# Portugal Residency if married to Portuguese National



## Toby D (Oct 28, 2011)

Can anyone help me of applying for a residency in Portugal if I am married to a Portuguese national? 

I am an Australian who has been married to a Portuguese national for over 3 years now. 

I would like to apply for a Portugues residency but can not find any information pertaining to my situation. 

Any assistance greatly appreciated! 

Toby


----------



## canoeman (Mar 3, 2011)

Are you in Portugal? if not then you can't apply for Residency.
If your not accompanying your Portuguese partner then I believe you would be treated same as anyone non EU person applying for Visa or for Residence. 

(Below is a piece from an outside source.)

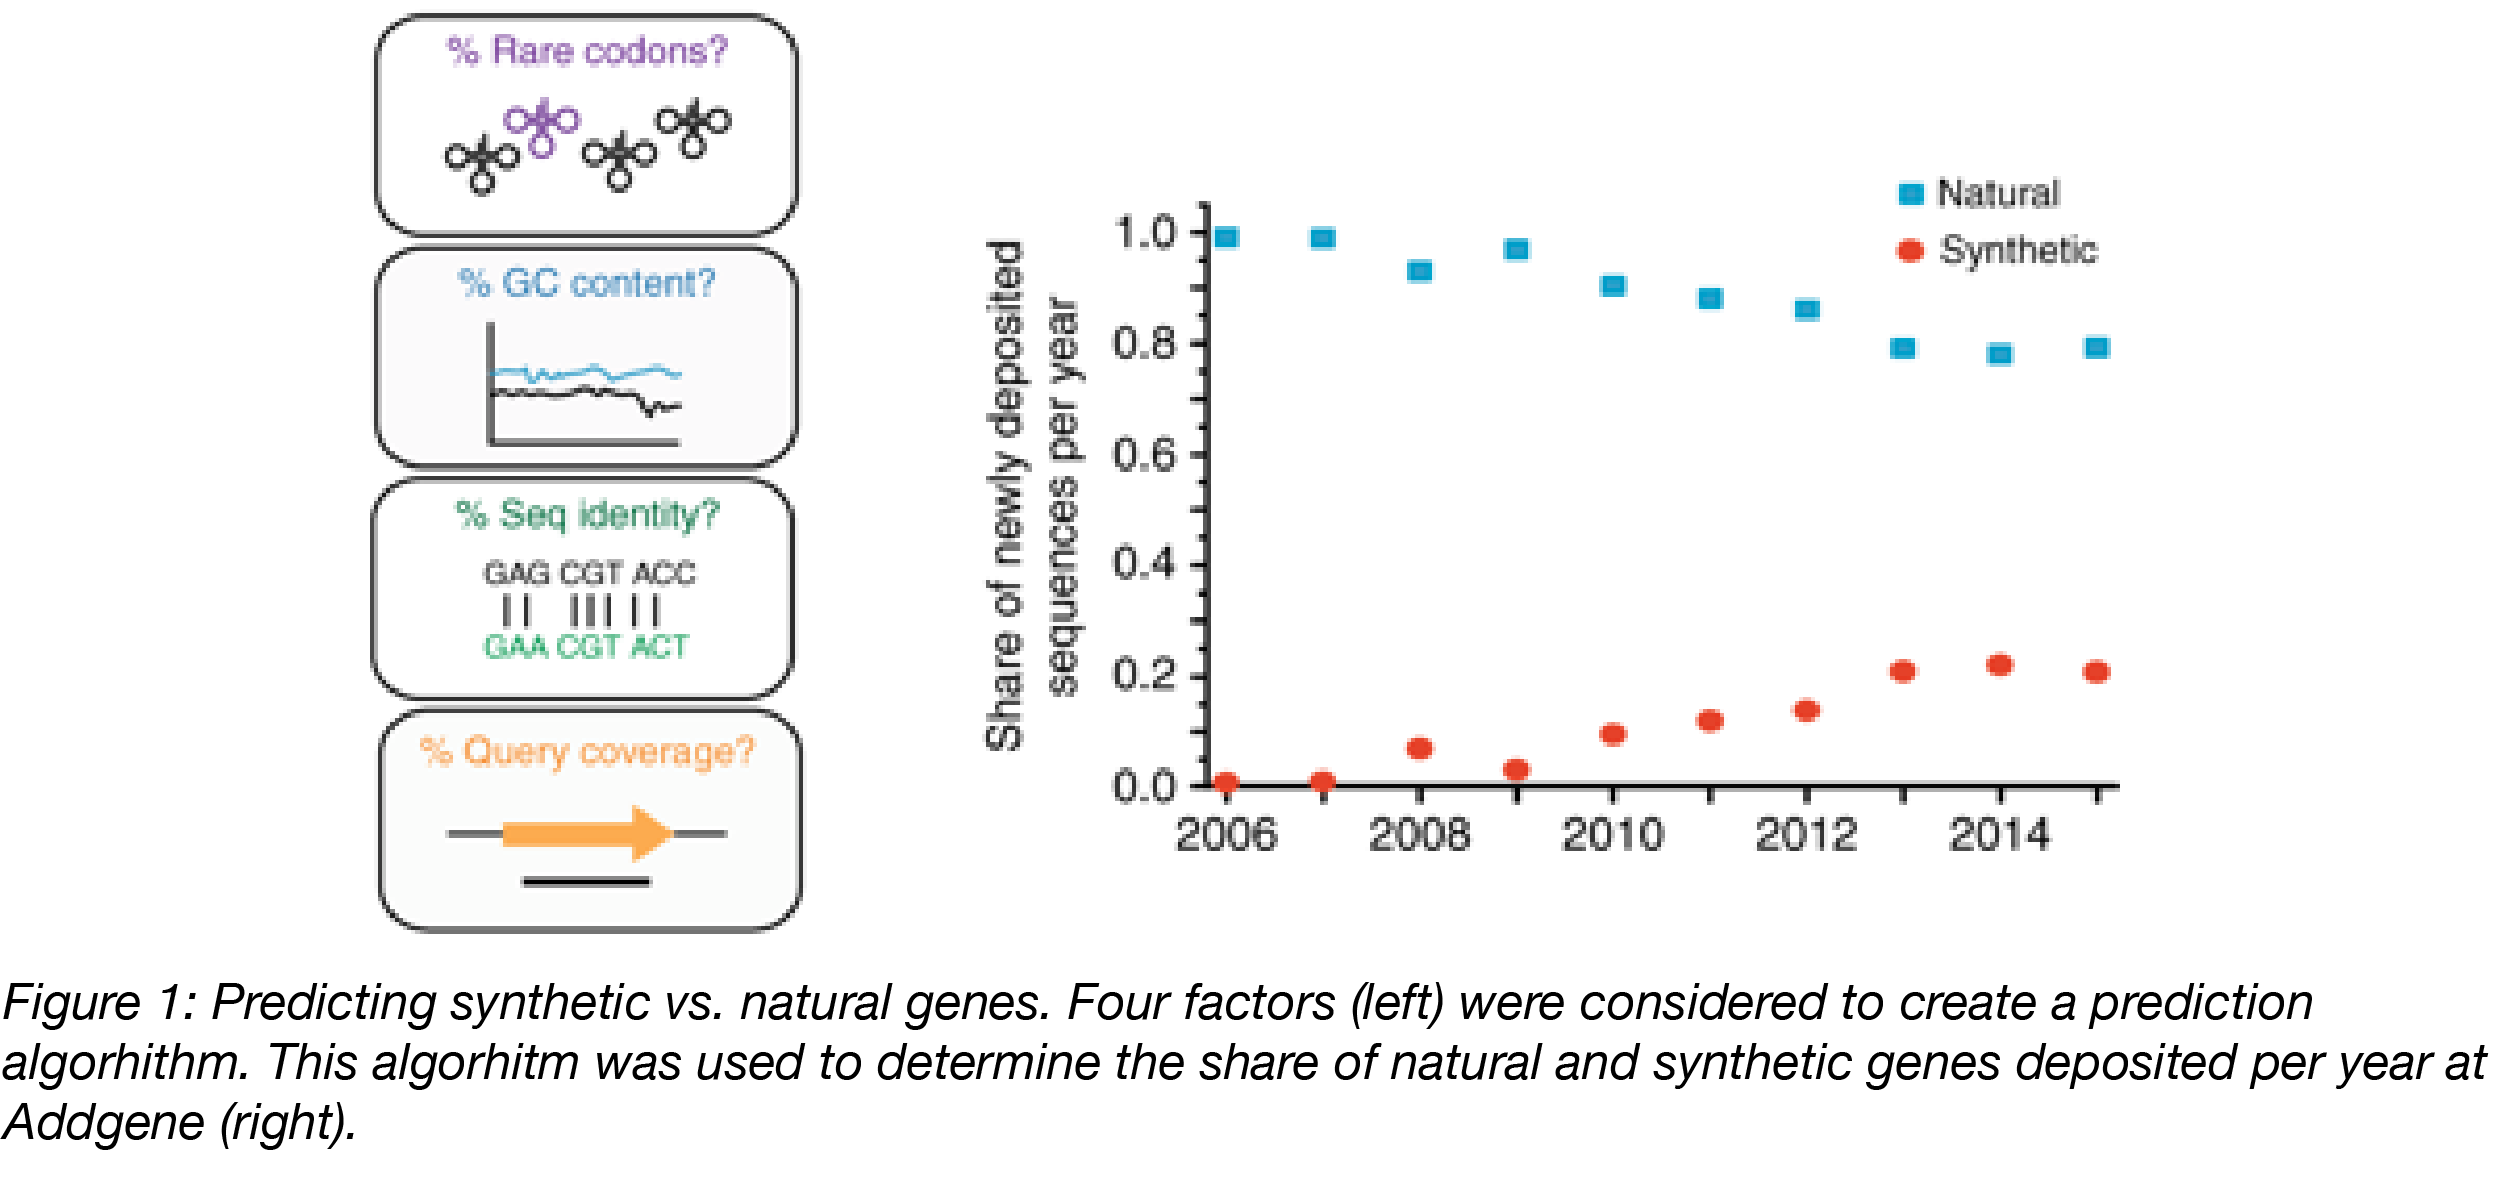 Natural vs synthetic gene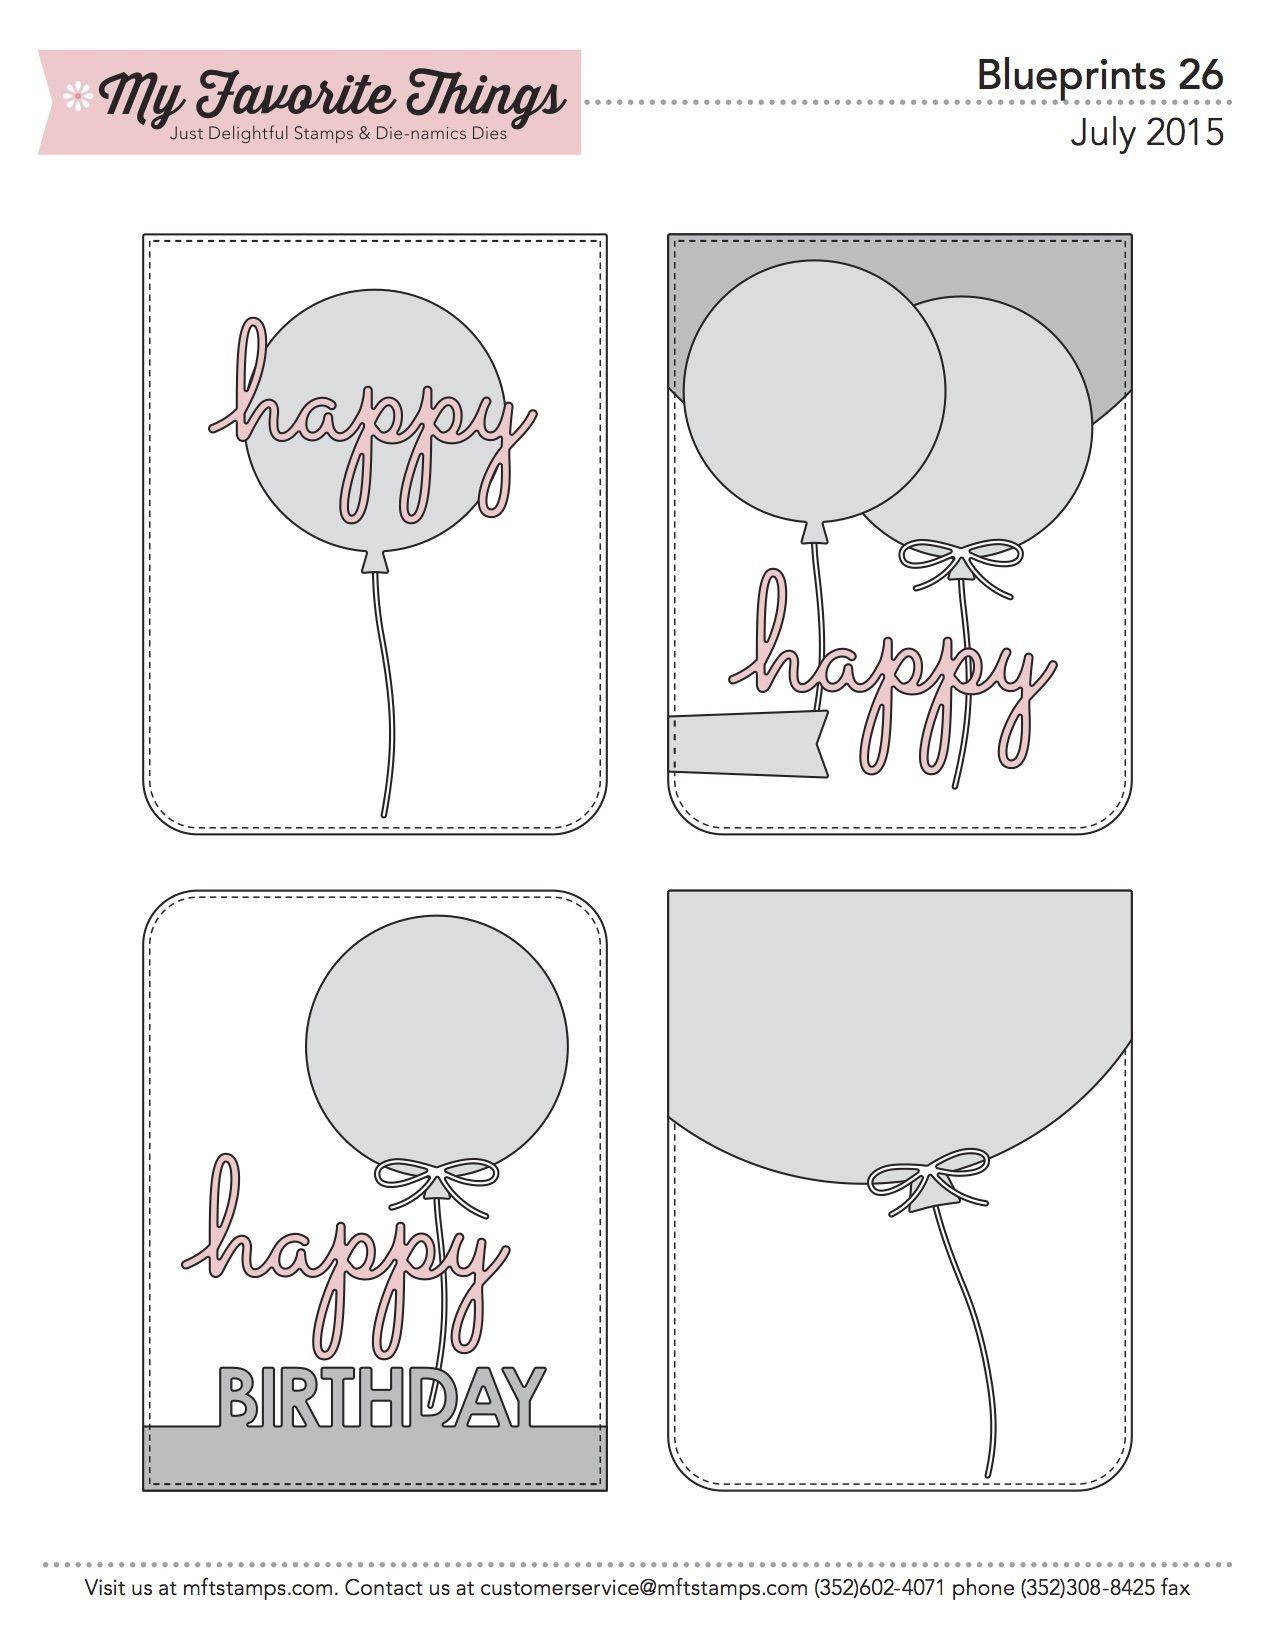 Mft printable resources blueprints sketches cards sketches birthdays bookmarktalkfo Choice Image

If your here or moving here then your Portuguese partner makes the application through your local SEF office as "reunifaction of family"

Portal SEF


----------



## Toby D (Oct 28, 2011)

canoeman said:


> Are you in Portugal? if not then you can't apply for Residency.
> If your not accompanying your Portuguese partner then I believe you would be treated same as anyone non EU person applying for Visa or for Residence.
> 
> If your here or moving here then your Portuguese partner makes the application through your local SEF office as "reunifaction of family"
> ...


Thanks Canoeman, I am Australian. I have seen that I can apply for Family Reunion for residency. I was also wondering about the difference between Residency and Citizenship. Can I have duel citizenship with my Australian citizenship and if i can get this do I still need a residency status? 

Regards,

Toby


----------



## canoeman (Mar 3, 2011)

Residency gives you permission to live in a country.
Citizenship means you take Portuguese Citizenship (nationality), which means you would be subject to all Portuguese Laws, taxation, etc etc. Depending on your country of birth Laws you might be able to have dual Citizenship.

Further info here, it does say if married to a Portuguese National but don't know if it encompasses a marriage abroad. You need to check with the Embassy in Australia
Portal SEF


----------



## Toby D (Oct 28, 2011)

canoeman said:


> Residency gives you permission to live in a country.
> Citizenship means you take Portuguese Citizenship (nationality), which means you would be subject to all Portuguese Laws, taxation, etc etc. Depending on your country of birth Laws you might be able to have dual Citizenship.
> 
> Further info here, it does say if married to a Portuguese National but don't know if it encompasses a marriage abroad. You need to check with the Embassy in Australia
> Portal SEF


Thanks Canoeman - I think I have got to the bottom of it. First I need to get my Permanent Residency sorted out. I can then apply for a citizenship if I want. I have checked the Australian laws and this is allowed.

Toby


----------



## SophieRo (Feb 5, 2013)

I'm also looking into applying for a residency visa to stay with my Portuguese fiancee. Anyone have any suggestions as where to start? We were looking into getting married already and were wondering if we should do this before applying for my visa. Will this make it a little easier?


----------



## canoeman (Mar 3, 2011)

Yes, it would as on entry to Portugal on a standard Schegan Visa you could then apply or rather your wife applies for reunification of family, believe checks on suspect "arranged marriages" a bit harder now.
Otherwise you apply for a extended or Resident visa from your nearest Portuguese Consulate


----------